OK- I don't like political debate very much because it seems to me that most people do a lot of shouting and not a lot of listening. But I'm going to try to state some of my responses to what I've been reading here. All personal opinion, so don't get too hot under the collar, ok?
I am a patriotic person not because I believe America deserves it, but because I think America needs it. When the people who live in a country stop believing in the country's future, it stops having one. I am so exhausted with the news media here ripping and tearing at everything. I am so tired of the criticisms everyone throws at us, and that we throw at ourselves. Unless Americans can start believing in and investing in America again, what will become of us?
I think the best thing we could do to honor the military who serve and protect us would be to live lives of honor and integrity, giving our lives to building our families and communities. Why would they give their lives and their sanity to protect people who want to sit around and watch reality TV and swill beer and go to strip bars? If we don't stop the selfishness and become better people, pretty soon our military and police forces are going to wake up and look around and ask, "Why are we protecting these people again?"
I believe the church and state should never have been forcibly separated they way they have in America. Religion should not be legislated, but it should not be outlawed, either. All law is grounded in morality, which comes from religion. Either our religion or theirs. Anyone who disagrees with the Christian foundation of American law should try living under the law in a couple other countries I can think of. Anyone who tries to write religion out of the law is actually trying to write in the legislation of liberal humanism, as much a system of codified, rigid beliefs as any religious system you can name, and not inherently better just because it doesn't call itself a religion.
I don't believe the death of Bin Laudin will change anything because I believe the true force behind this war is that there is a whole culture of people out there who hate Americans and will stop at nothing to destroy us. I believe we have the right to defend ourselves. I also believe that our defense of ourselves is often tainted by greed and oily political motivations that the people involved won't admit to because they think the American people are stupid. Unfortunately, I guess a lot of us are. We have to get smarter and start THINKING instead of just voting for a cute face and a good speech-writer.

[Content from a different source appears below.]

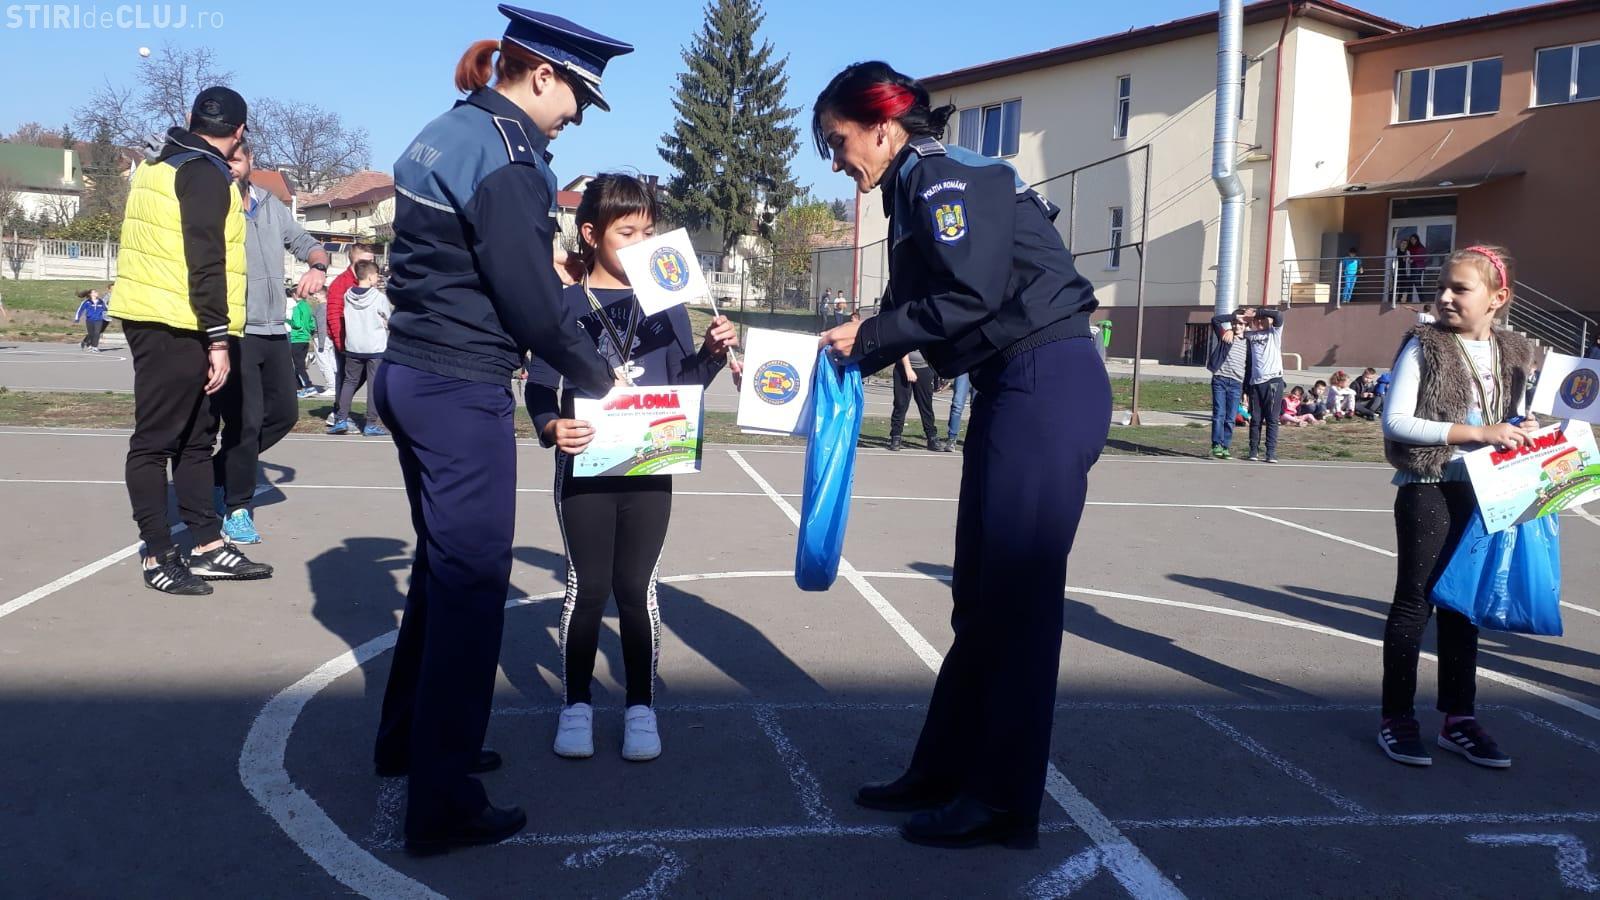 Polițiștii clujeni au stat de vorbă cu elevii despre bullying
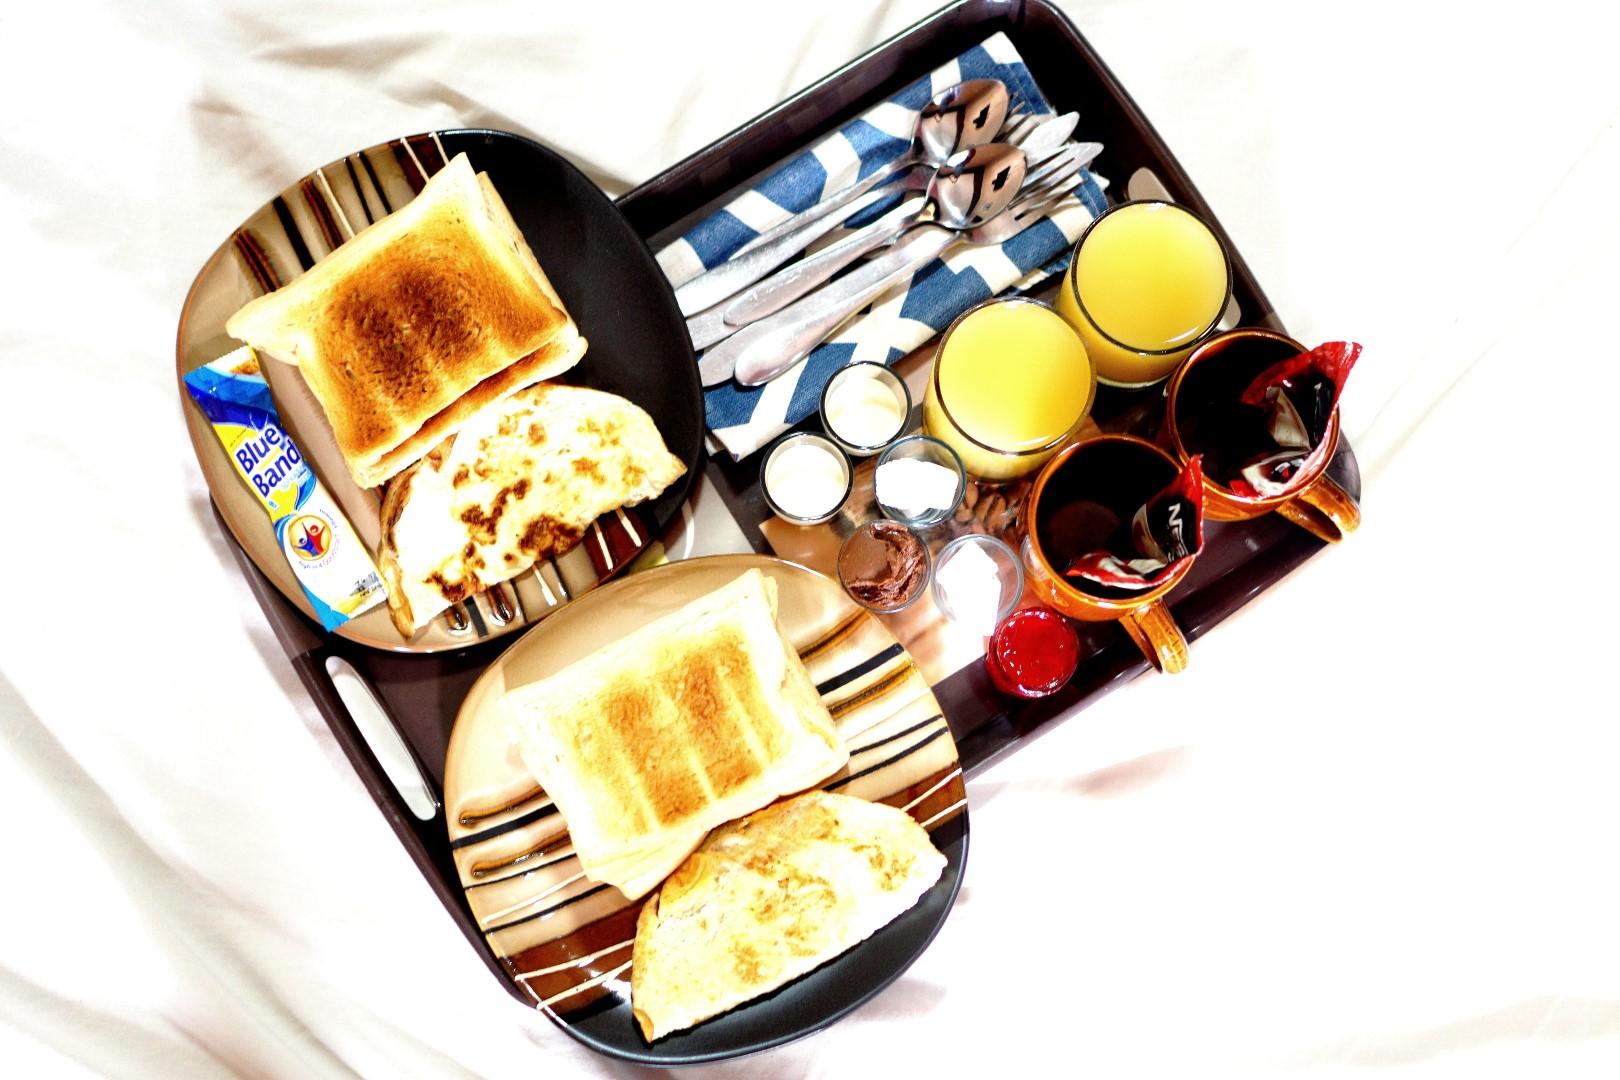 breakfast in Omanye lodge

I do not agree that we should stop treating the people arrested as suspects of terrorism differently. The Geneva convention is VERY important, as are our laws of due process. The argument that our military is saving American lives by torturing suspects horrifies me. If we start this kind of behavior, where will it stop? What will differentiate us from the people we are fighting? Yes, some lives may be saved, but at what cost? I think it is appalling, and it shames me by association.
I am proud of every effort our military has made since World War II to rebuild and re-establish the countries that we invade. One of my greatest frustrations with the people who keep yelling that we should "Get out of Iraq NOW" for the last however many years is the knowledge that if we DID take their advice and just withdraw suddenly that it would turn that area into a cesspit of violence and abuses that is almost unimaginable. It's true it could be argued that cleaning up their country is not our job, but I am grateful to the men and women who stayed to try and do such an impossible task anyhow. I think it's funny that some of the people who have been yelling the loudest that we should get out of Iraq are also the people who, several years ago, were yelling the loudest that President Bush should "Do something about the terrorists RIGHT NOW." What did they expect him to do? They whine that they want to be safe, but they whine about anything the country tries to do to keep them safe, too. I think the American people need to start being careful what they ask for. Everything has a price, including freedom and national health care.